IMSA is expecting to have a capacity field for January’s Rolex 24 at Daytona, with the possibility of having to turn away entries for the first time since the launch year of the WeatherTech SportsCar Championship in 2014.
This year’s grid in the Florida endurance classic exceeded 60 cars for the first time in eight years, with IMSA officials currently working to determine the maximum number of entries that can be accommodated for the 2023 running, amid the arrival of hybrid-powered prototypes in the new GTP class that will likely need additional pit space for safety reasons.
“It’s a nice problem to have, frankly,” said IMSA President John Doonan of the interest in the race.
“We’ve seen a tremendous amount of momentum for the sport – for IMSA and all the fans of IMSA – and I think 2023 is not going to be any different.
“Even compared to a year ago at this time, we’ve had another lift in interest from competitors wanting to run the Rolex 24 and the WeatherTech Championship season as a whole. New cars aside, it’s a really special time for the sport.”
While the new GTP class is expected to feature nine entries, spread between LMDh manufacturers Acura, BMW, Cadillac and Porsche, the production-based grids are expected to increase as well, with new cars such as the Ferrari 296 GT3, Type-992 Porsche 911 GT3 R and Lamborghini Huracan GT3 EVO2, all bringing in additional interest.
“The good news is not one class can be singled out in terms of the momentum and the growth we’re seeing,” Doonan said.
“LMP2 has seen a lot of interest in the last couple seasons, in particular some teams that have traditionally competed in Europe are interested in coming to the North American market for corporate partnership reasons.
“LMP3, in a similar manner, has attracted an entry number that’s in sort of a sweet spot. You add up all of those, and that’s probably half of your Rolex grid, with the other 50 percent GT cars.
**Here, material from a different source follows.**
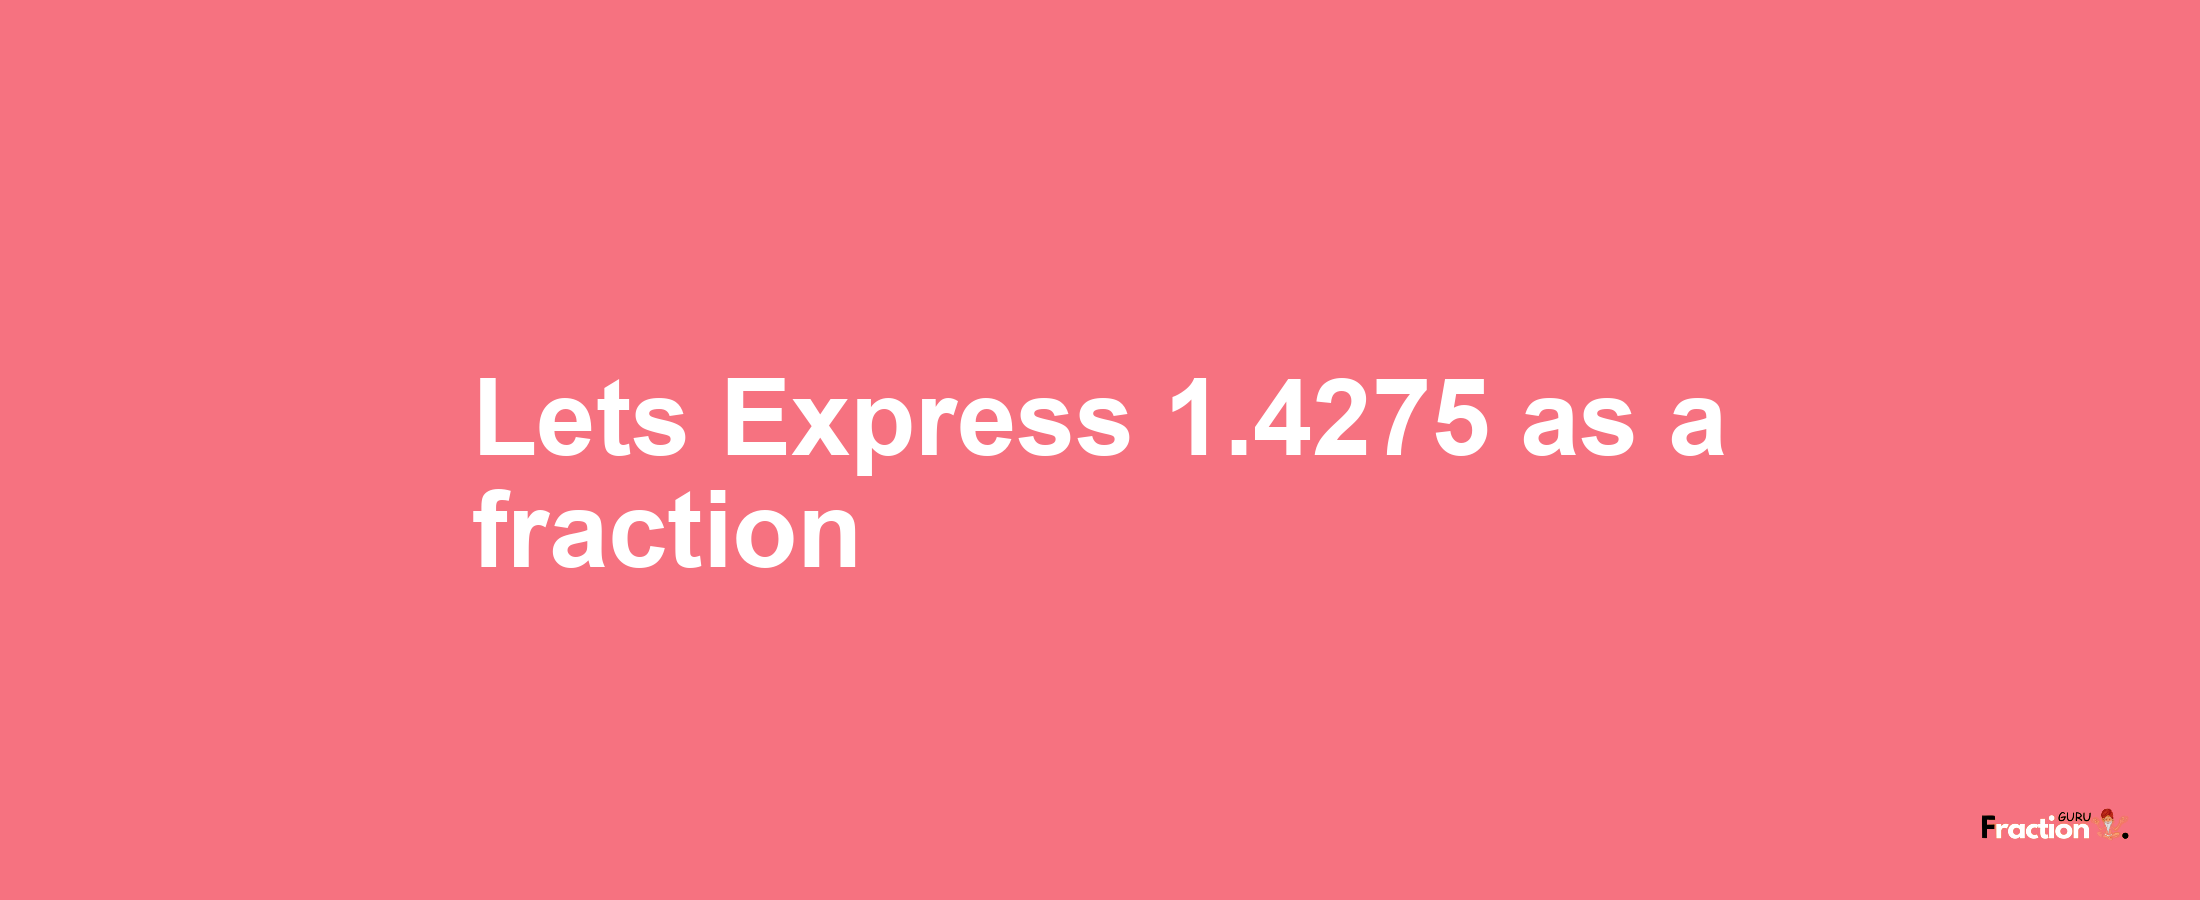 Lets Express 1.4275 as afraction

“The momentum around the GT classes is significant, and around the corner in 2024 comes a Ford Mustang program and the availability of a customer Corvette.
“We’re real pleased with how GTD Pro came off as a category in its first season, and I think you’ll see consistent numbers similar to what you saw in 2022 for that segment of the grid. So, we are in a very fortunate position of having this much interest.”
If the size of the field needs to be capped, IMSA’s full season teams and manufacturers from previous years will be given higher consideration for their entries, followed by new teams intending to field full-time efforts in the WeatherTech Championship.
Among part-time entries, consideration will be given to those who have competed previously on a part-time basis – such as the Michelin Endurance Cup or WeatherTech Sprint Cup – followed by new part-time entrants and historical IMSA event participants.
IMSA is urging competitors to get their entries in as soon as possible in order to ensure the best chance of being confirmed on the grid.
“You can’t create more square footage at a lot of our tracks, and one of the things we need to look at in the case of Daytona entries is the number of garages, the paddock space and, of course, pit lane,” Doonan said.
“There are only so many boxes you can fit safely on pit lane. Last year, we had 61 cars, which was tight. With the new GTP cars, obviously there are some items that surround those cars and the hybrid technology that may require us to give them just a bit more space.
“Again, it’s a good problem to have.”